E é também inventar o que poderia
ter sido.”
Costura
O
percurso desse ensaio se realiza no intuito de revelar aspectos de
uma poética de trabalho, uma tentativa de costurar a realidade e a
ficção em um mesmo bordado, costurar segredos e memórias em um
lugar de risco.
O
trajeto de risco com os vocacionados se inicia a partir da
necessidade de revelar as próprias experiências, descobrir a
potência artísticas de suas histórias e memórias, brincar com os
segredos inventados dentro de um mundo tão real.
“Costuramos
nossas memórias em um lugar de risco,
para
revelar nossos corpos,
que
estão a procura de um lugar para voar.”
E
para voar, vasculhamos nossas caixas, nossos vazios, objetos e
segredos, para recriar novas possibilidades de habitar esse lugar que
chamamos de realidade e assim criar uma poética de si.
Inicia-se
em mim, artista orientadora, uma necessidade/tentativa de costurar
conversas, silêncios, olhares, abertos e reticentes, para instaurar
algo próximo de uma experiência que tenha fluidez, com poucas
interferências e com mais silêncios.
E
no jogo do telefone sem fio surge um segredo coletivo: A necessidade
de ser aquilo que eu possa “reinventar”.
Vazios
“Ela
reparou que o menino
gostava
mais do vazio
do
que do cheio.
Falava
que os vazios
são maiores
e
até infinitos.
“
Manoel de Barros
Durante
os encontros surgem inquietações sobre o espaço físico do teatro,
o que mora lá em cima, nos lugares que o publico não vê?

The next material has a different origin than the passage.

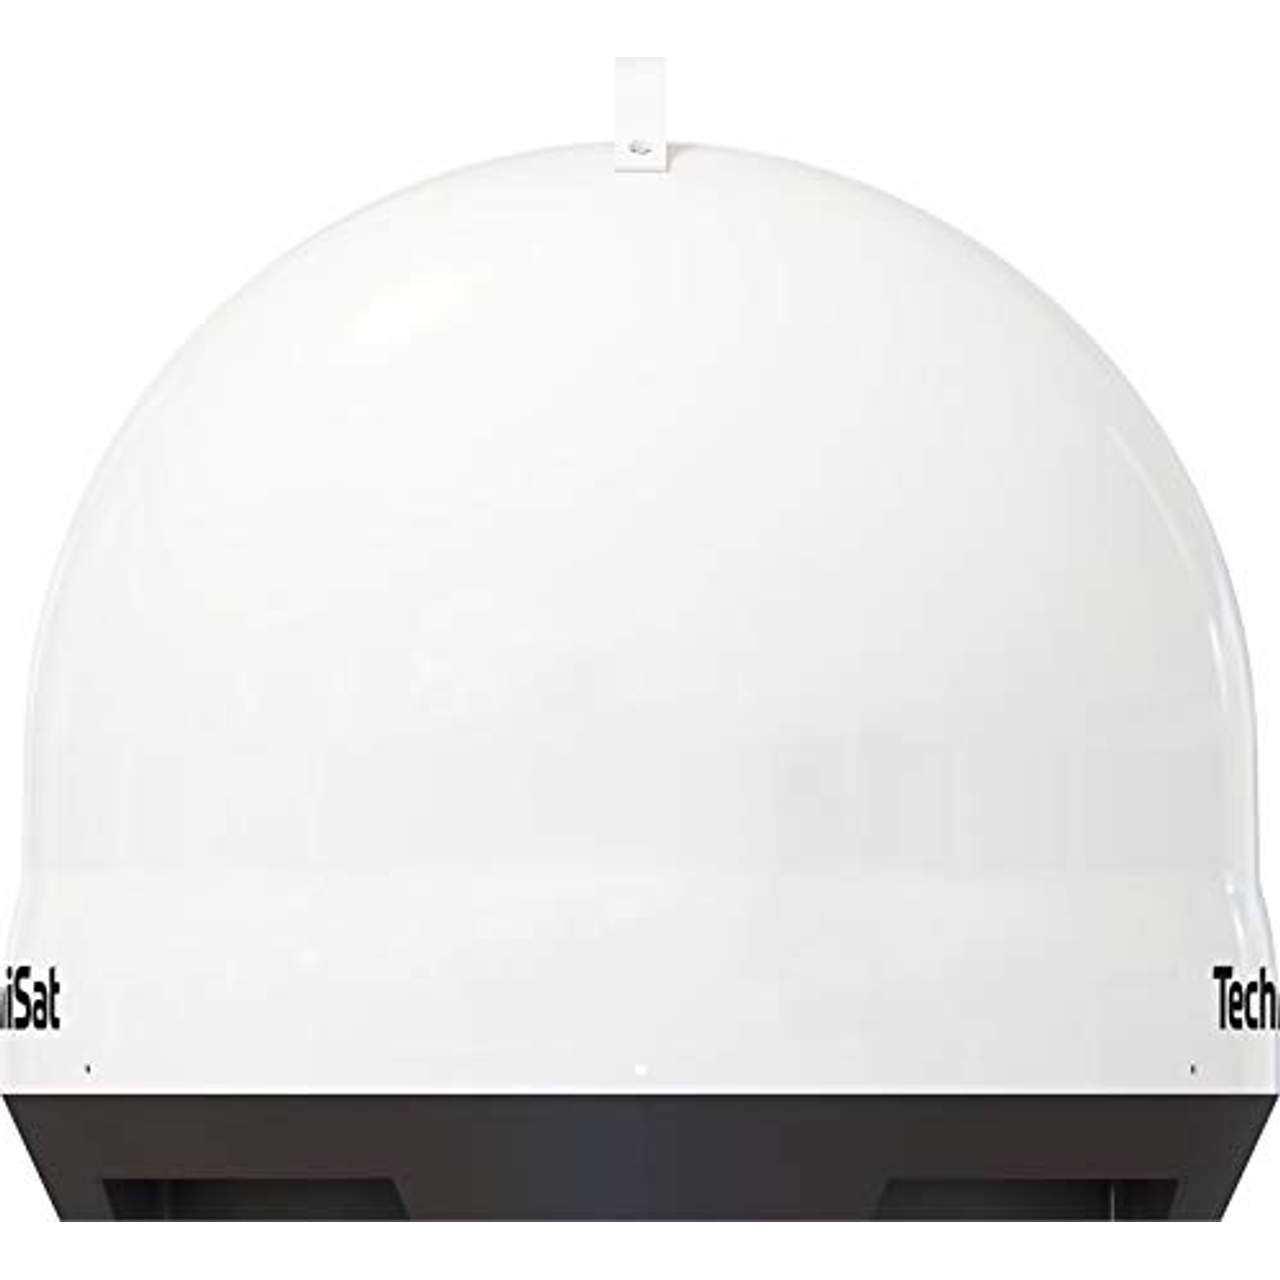 TechniSat Skyrider Dome Vollautomatische Sat-Anlage (Single)

Então
exploramos.
Recortamos
nosso olhar, distanciando e aproximando. Vasculhamos todo o corpo do
teatro e escolhemos o que apreciar. Acoplamos nossos corpos no aço,
na madeira, nas cordas, tecidos, respiramos.
Transitamos
entre os vazios internos e externos do nosso corpo-espaço e
contemplamos:
“O
vazio as vezes gosta de mudar de lugar”
Gabriel
(artista vocacionado)
A
partir dessa experiência os vocacionados caminham nomeando os
espaços; lugar onde sou afetado: plateia, lugar onde revelo minhas
inquietações: palco, lugar onde costuro meus segredos: cantos
estreitos, passarelas acima do palco, coxia, camarim, corredores. Ao
vasculhar esses cômodos “não vistos” o espaço para as memórias
ganham novos sentidos. Descobrimos o lugar de risco onde as memórias
inventadas habitariam.
Mapa-diário
E
para habitar esse lugar sugiro a criação de um mapa-diário, para
dar forma ao nosso modo de ver e sentir, para guiar, localizar,
traçar rotas, encontrar caminhos e as vezes, perde-se. É um mapa
que será preenchido a partir dos nossos encontros, das nossas
memórias inventadas, dos lugares de risco que habitamos. Uma escrita
de si mesmo.
Criamos
instruções para se colocar em risco:
1
Instruções para ocupar um espaço:
Olhar de longe para ver sua
profundidade, olhar de perto para ver seus detalhes. Demarcamos o
espaço, com fitas, linhas, giz, e seguimos renomeando os espaços
escolhidos, os espaços que nos afetam e os espaços que não quero
entrar: Lugar para ser (palco), lugar para se inquietar (plateia)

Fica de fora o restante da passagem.